The SEC on Monday announced that it had reached a $10 million settlement by Poloniex, which was spun out into a separate company by Circle in October 2019. Circle, which refocused on its very successful USD Coin (USDC) stablecoin, had bought the exchange for $400 million a year earlier.

Poloniex no longer serves U.S. clients.

In filings made public in July when it went public, Circle revealed that it lost nearly $157 million when the exchange was sold to a group of buyers headed by Tron CEO Justin Sun.

The SEC said in an announcement that “Poloniex operated a web-based trading platform that facilitated buying and selling digital assets, including digital assets that were investment contracts and therefore securities.”

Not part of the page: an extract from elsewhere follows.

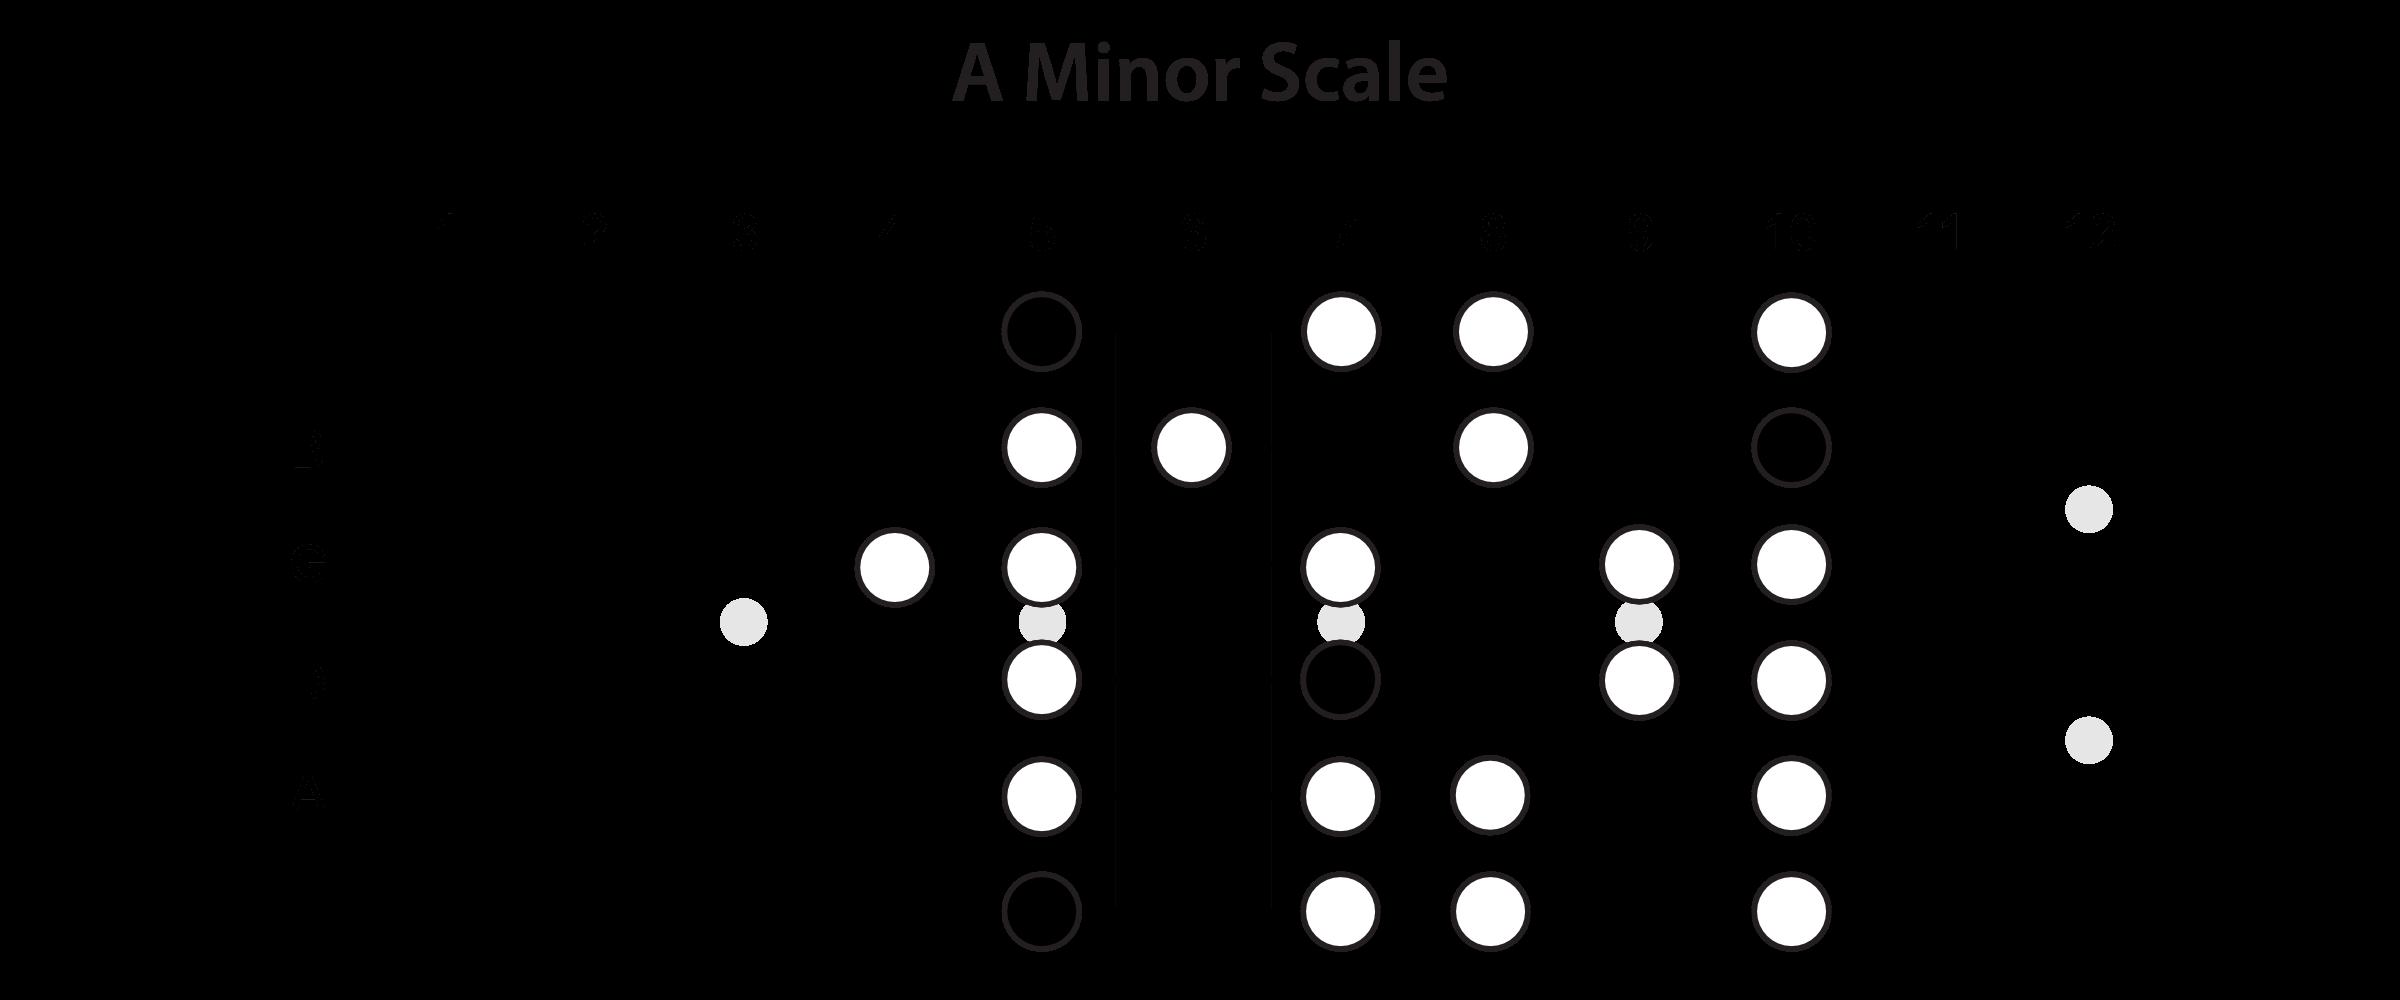 Minor Scale Horizontal View

But, the agency added, it did not register as a national securities exchange or seek an exemption from registration.

More egregiously, from the SEC’s perspective, Poloniex knew that it needed to register.

“Poloniex employees stated internally that they wanted Poloniex to be ‘aggressive’ in making available for trading new digital assets on the Poloniex trading platform, including digital assets that might be considered securities under the Howey test, in an effort to increase market share,” the release said. Poloniex classified some of those cryptocurrencies as being at “medium risk” of being found to be securities, the SEC added.

“Poloniex chose increased profits over compliance with the federal securities laws by including digital asset securities on its unregistered exchange,” said Kristina Littman, Chief of the SEC Enforcement Division’s Cyber Unit, in the statement. “Poloniex attempted to circumvent the SEC’s regulatory regime, which applies to any marketplace for bringing together buyers and sellers of securities regardless of the applied technology.”

Regulation by Enforcement

Aside from the fine — which did not require Poloniex’s new owners, Polo Digital Assets, to admit any wrongdoing — the settlement is another piece in the agency’s goal of seeing almost all cryptocurrencies ruled to be securities. 

The agency has long been criticized by parts of the cryptocurrency industry for pursuing a strategy of “regulation by enforcement” in light of the government’s failure to actually define when cryptocurrencies meet that definition. Most notably — and loudly — it has been criticized by Ripple, which the agency is suing for $1.38 billion it says the company made selling XRP tokens without registering them as securities.

Ripple is fighting back, as opposed to settling like other cryptocurrency firms have done, so the case has a good chance of forcing a court to rule on the issue.

That said, the SEC’s new chairman, Gary Gensler, recently made clear that he agrees with his predecessor that virtually all cryptocurrencies are securities. Many hoped that Gensler, who was intimately familiar with the subject after teaching blockchain and cryptocurrency at MIT until his appointment, would take a different tack.